All'ingresso di Heciya, la gendarmeria (polizia militare) ha di nuovo fermato la fila di auto che accompagnava il corpo della donna. Tutti i passeggeri sono stati costretti ad andarsene e le auto sono state perquisite con i cani. Le provocazioni non sono quindi mancate, un militare ha insultato una persona in lutto deridendola e domandandole se stesse andando al funerale di un cadavere.

Nel villaggio il convoglio è stato accolto dalla gente.

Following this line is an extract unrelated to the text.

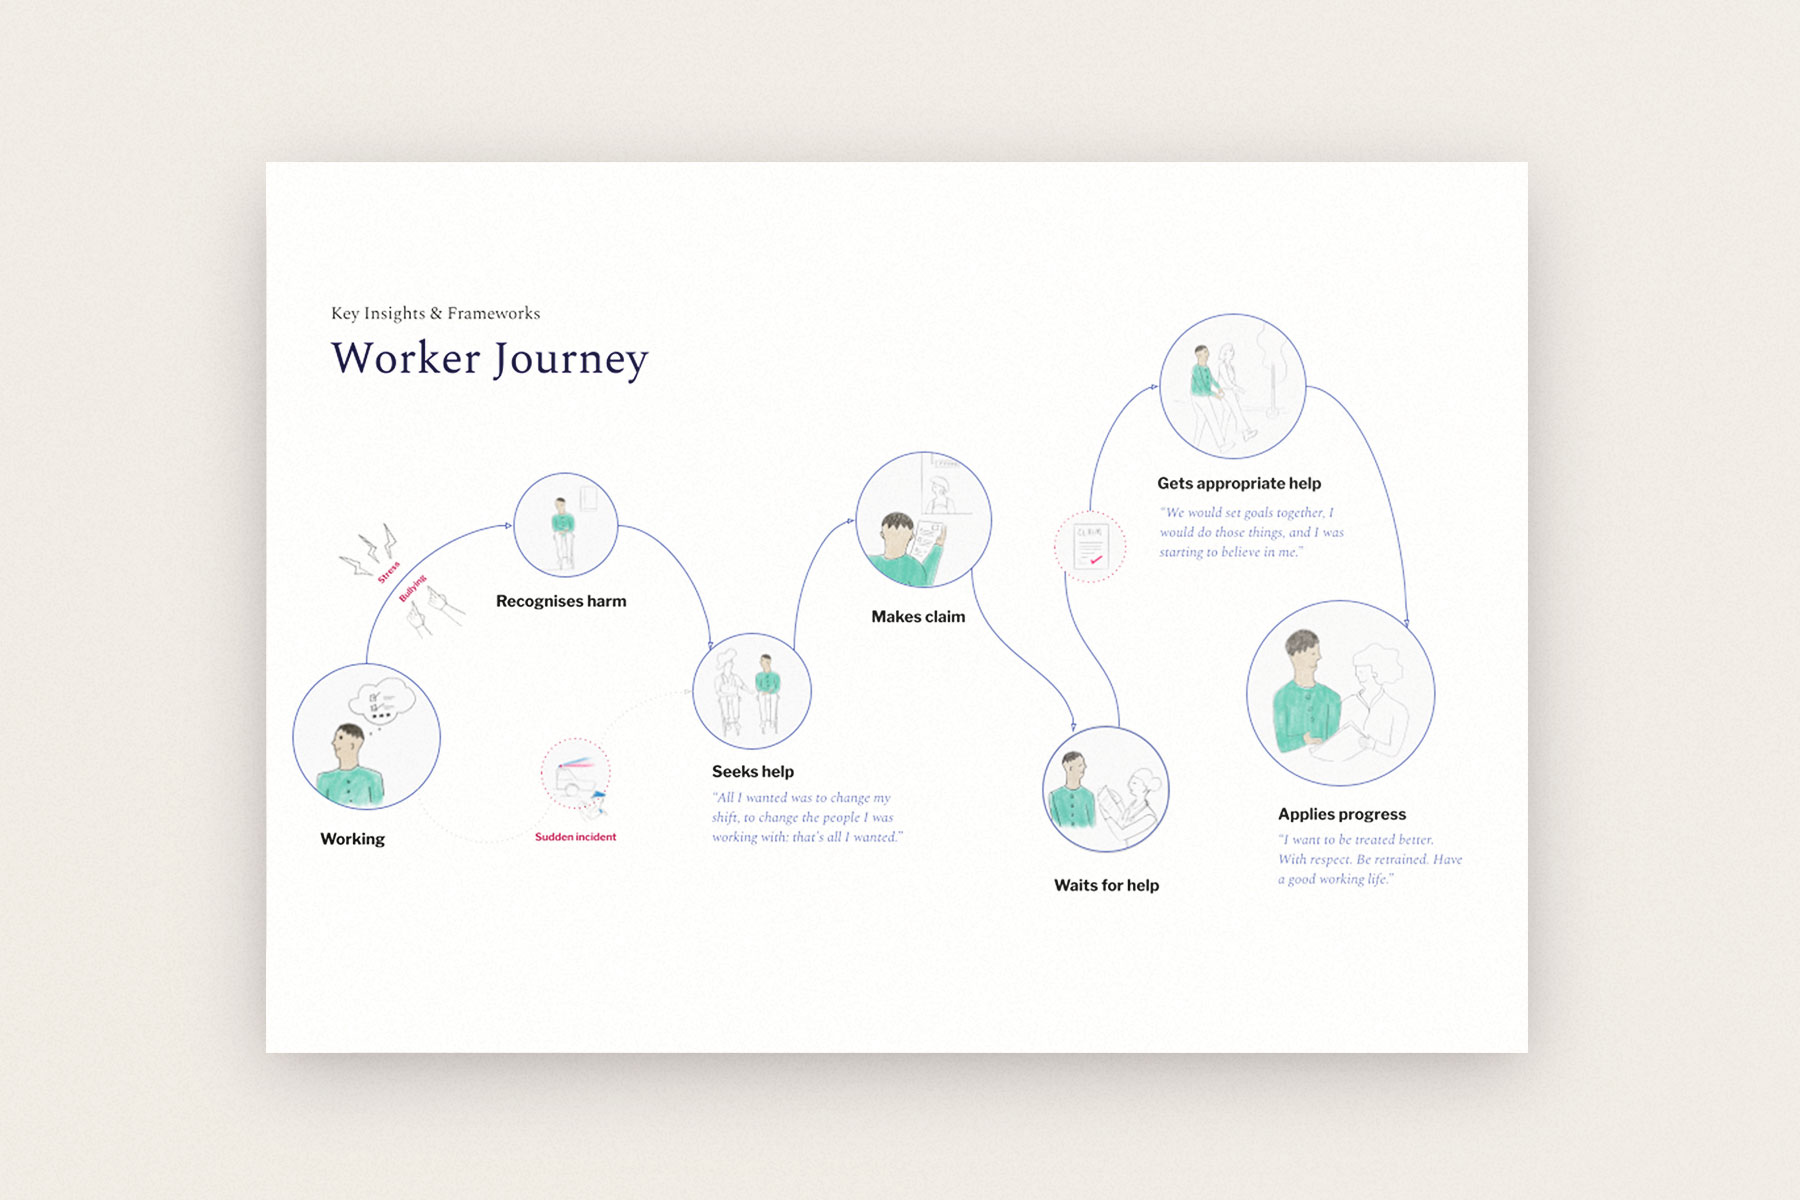 An illustration showing the keys steps of the worker journey whilst returning to work after a mental health injury. From working, to recognising harm, to seeking help, to making a claim and waiting for the outcomes of those processes.

La bara è stata portata a spalle dalle donne fino al cimitero.

Durante il corteo funebre un coro accompagnava la compagna , "Bijî berxwedan a jina" (viva la resistenza delle donne).

 Al cimitero, l'HDP Perihan Ağaoğlu ha detto in un discorso: "Nurcan è tornata oggi nel luogo dove è nata e dove aveva desiderato, sappiamo tutti e tutte dell'oppressione del popolo curdo in Turchia e in Medio Oriente, Ai curdi non è permesso avere spazio vitale, né la loro identità, né la loro lingua, né la loro umanità sono riconosciute. Come donne teniamo alta la testa, Nurcan si è unita alla lotta fin da piccola e il suo ricordo ci indica la strada. Accetteremo l'eredità che ha lasciato e che ha continuato sulla sua strada.”